■ Data excerpt:
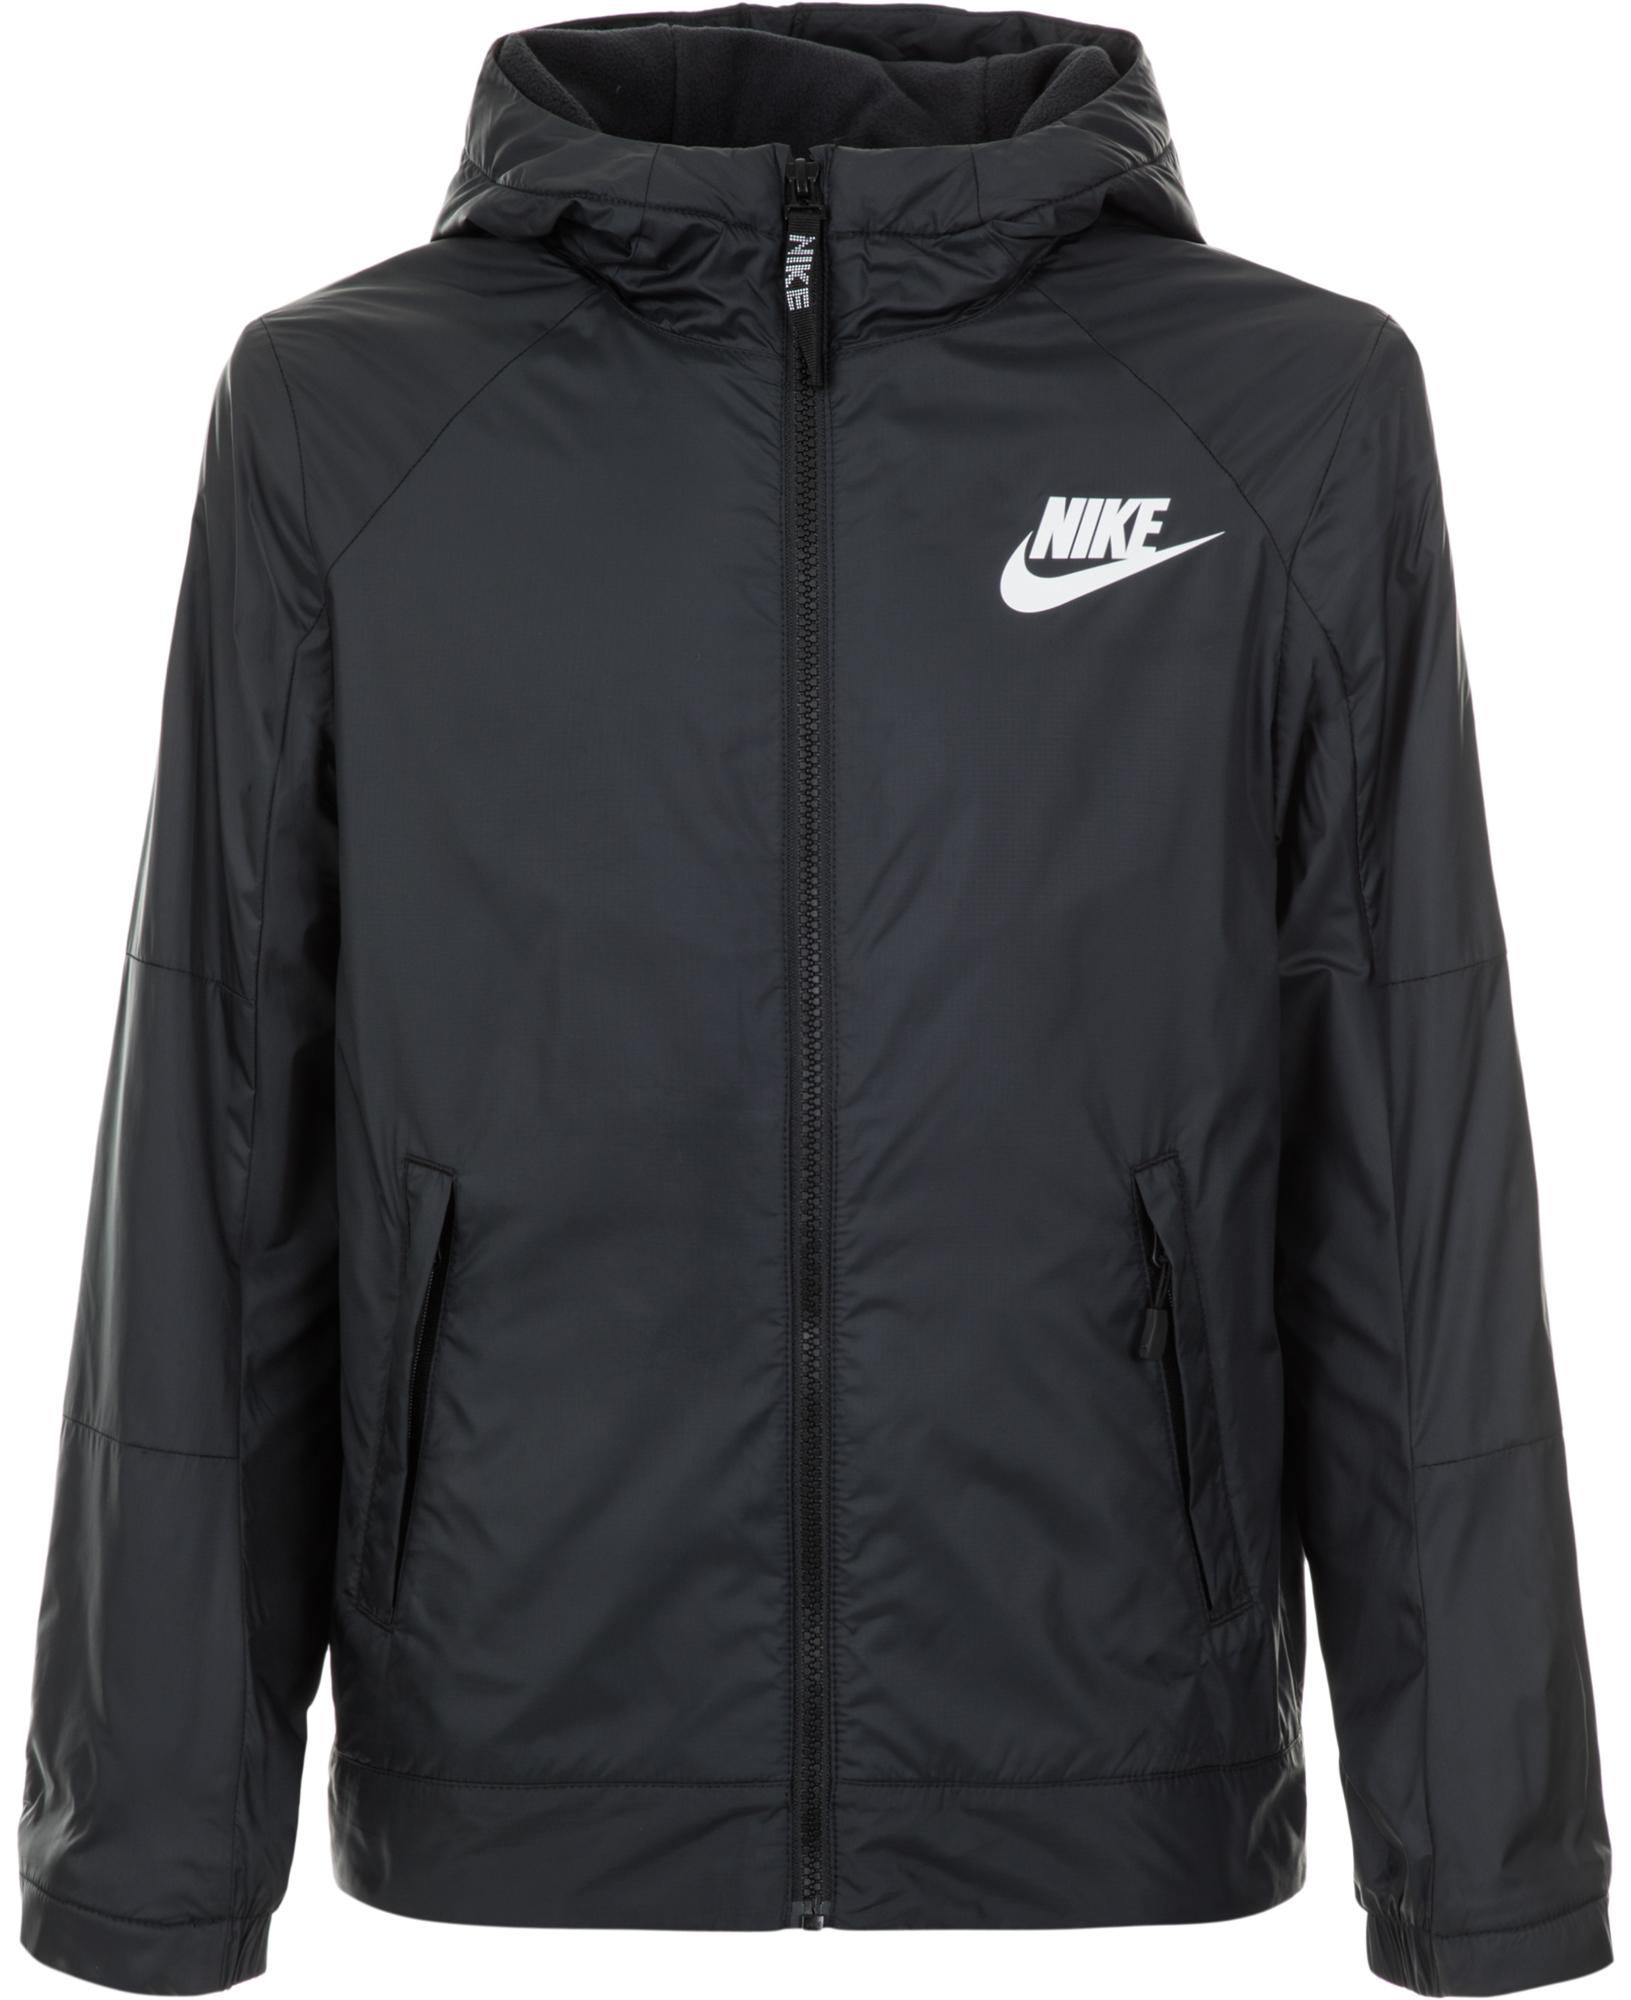 Nike Куртка утепленная для мальчиков Sportswear, размер 158-170
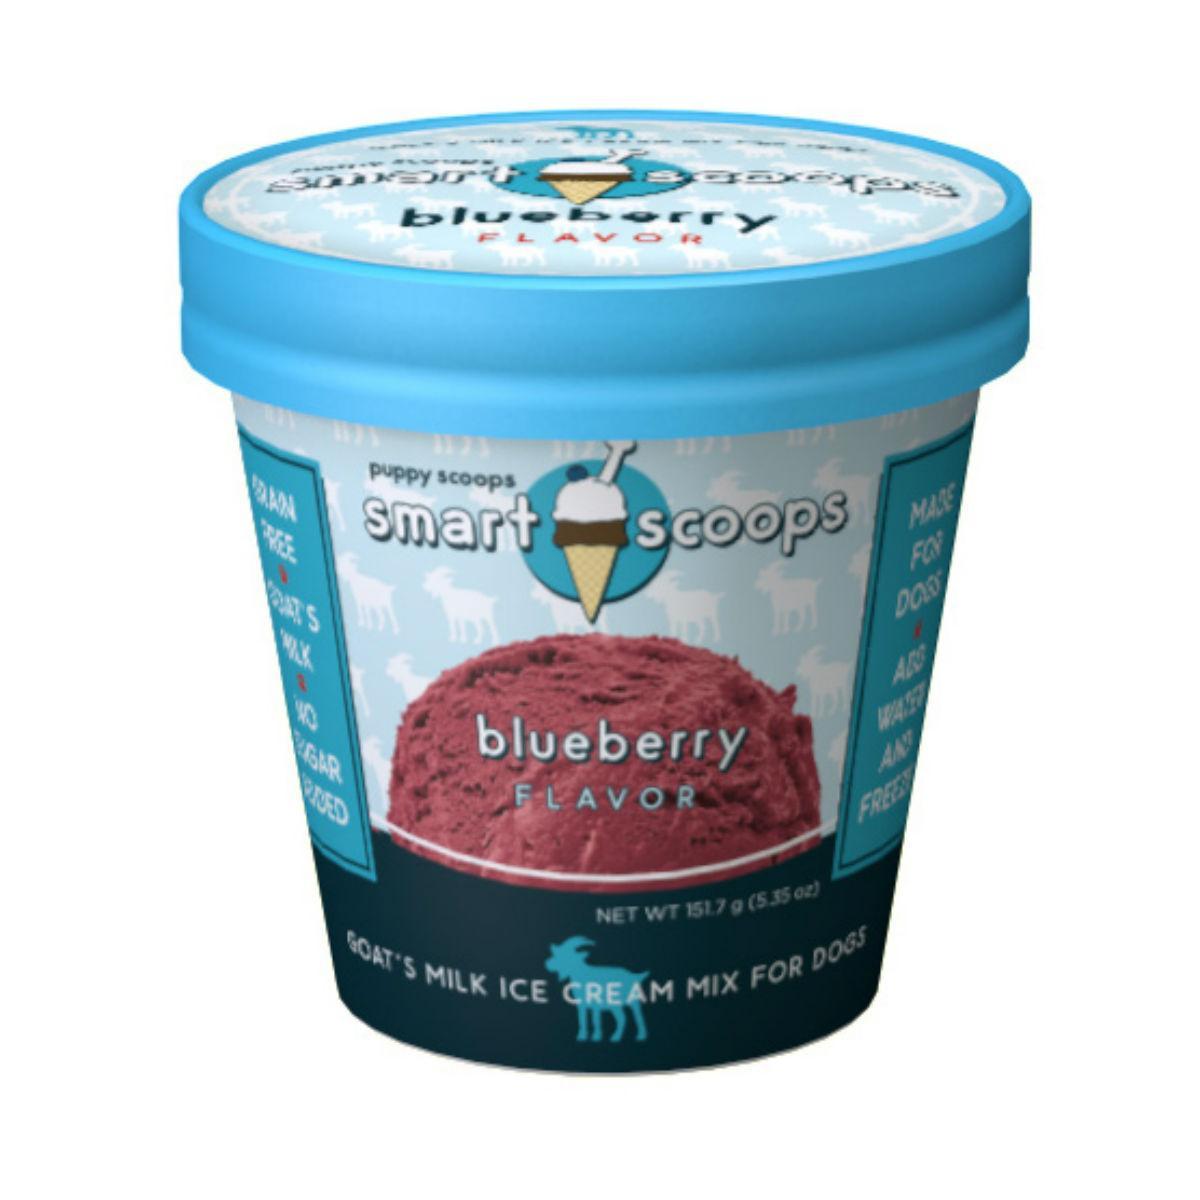 Puppy Scoops Ice Cream Mix - Blueberry
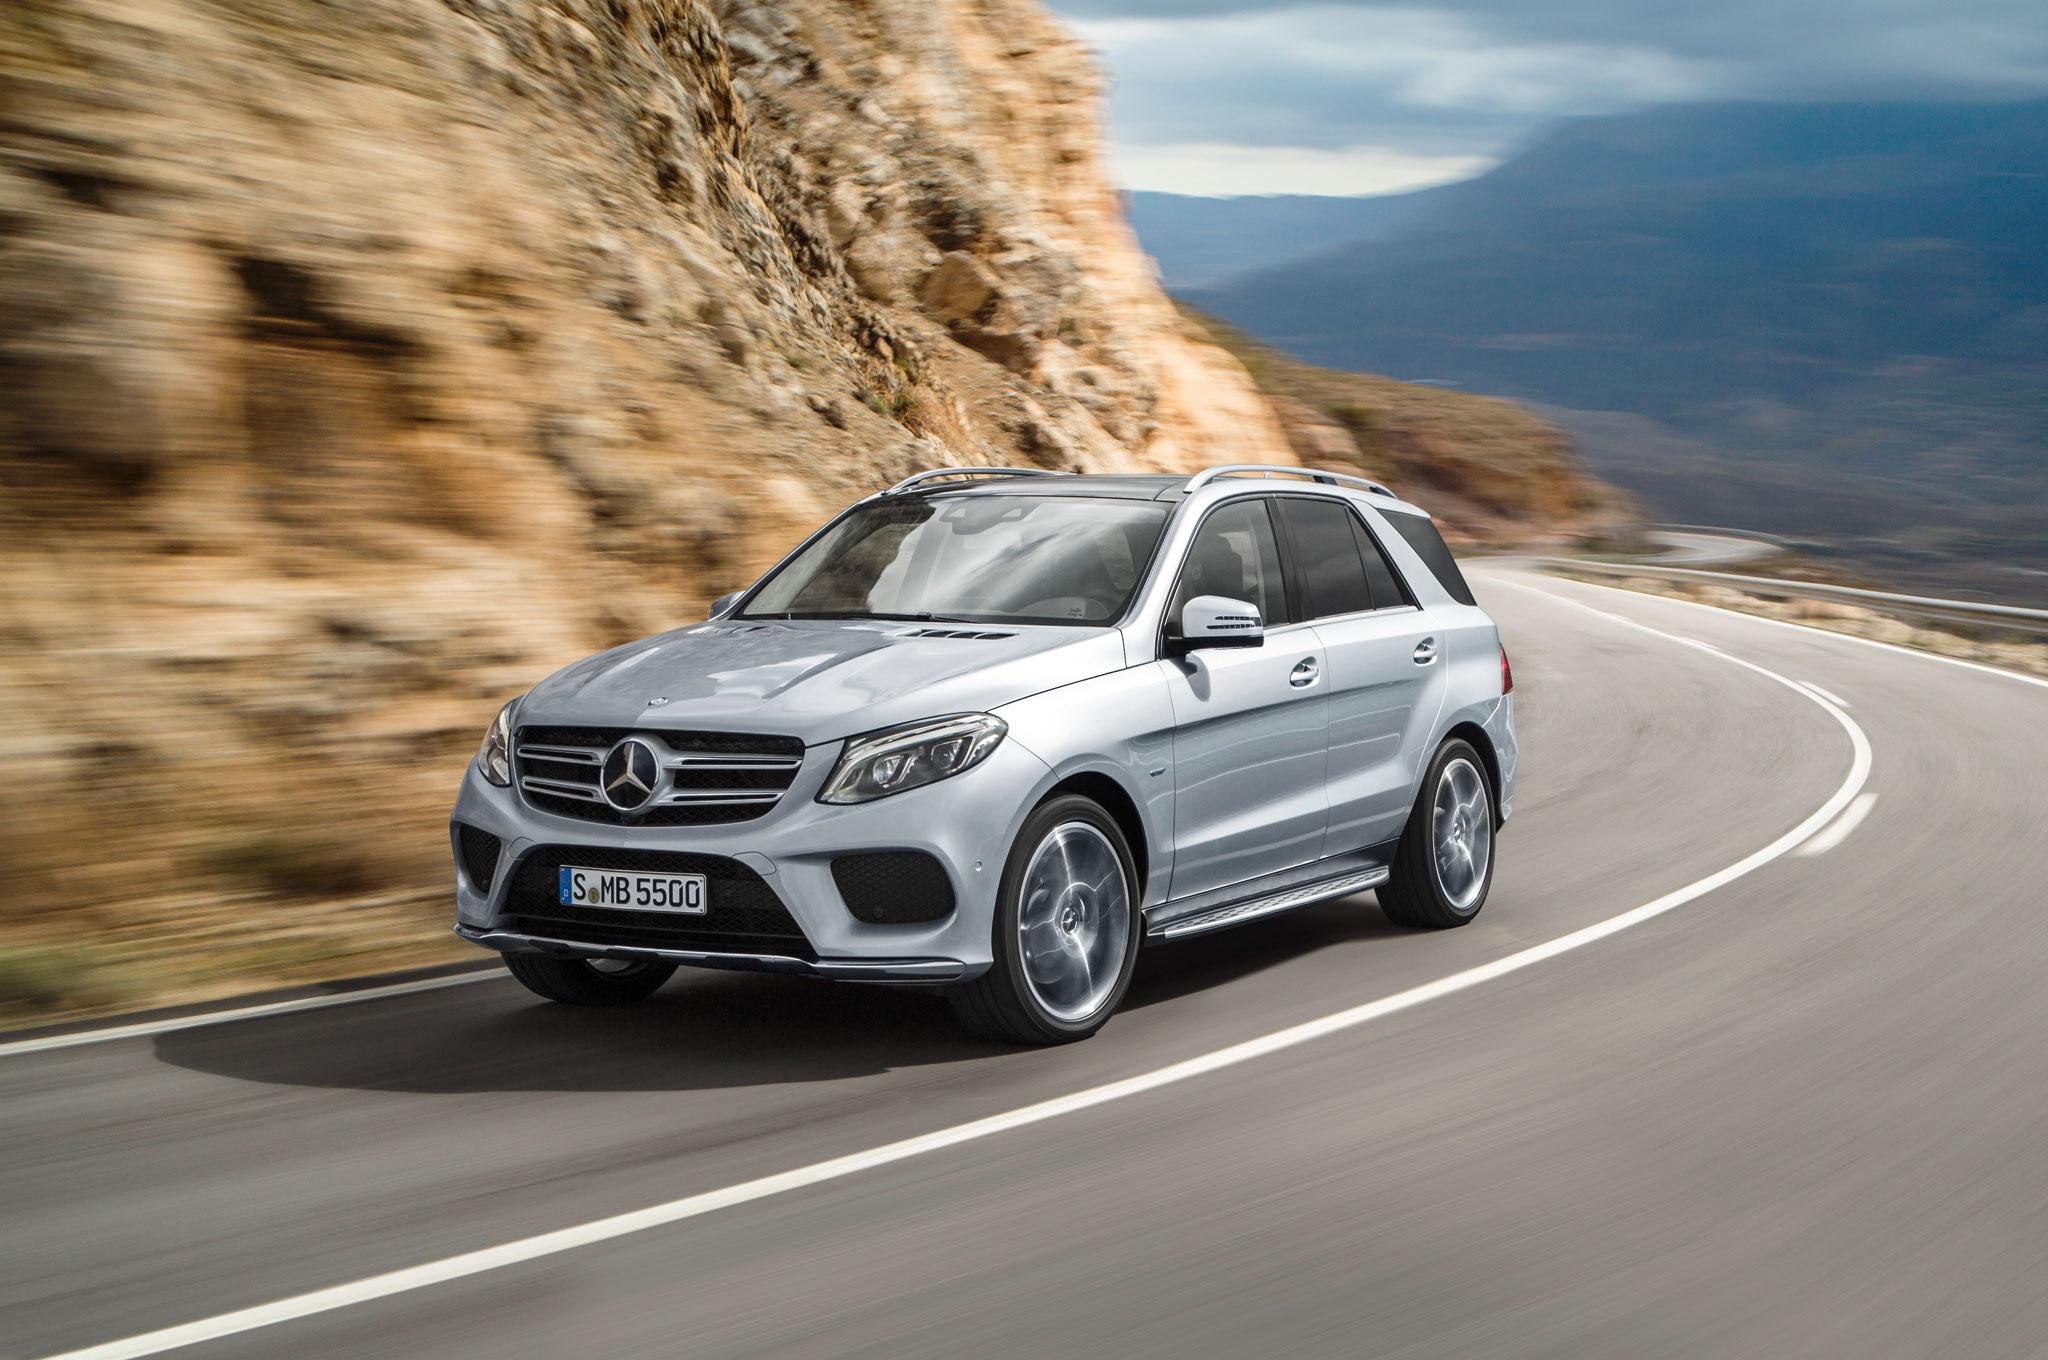 2016 Mercedes Benz Gle Class Review

■ What you should do: Dropping every picture, restate the material word for word.

■ Exercise solution:
 Nike Куртка утепленная для мальчиков Sportswear, размер 158-170
 Puppy Scoops Ice Cream Mix - Blueberry
 2016 Mercedes Benz Gle Class Review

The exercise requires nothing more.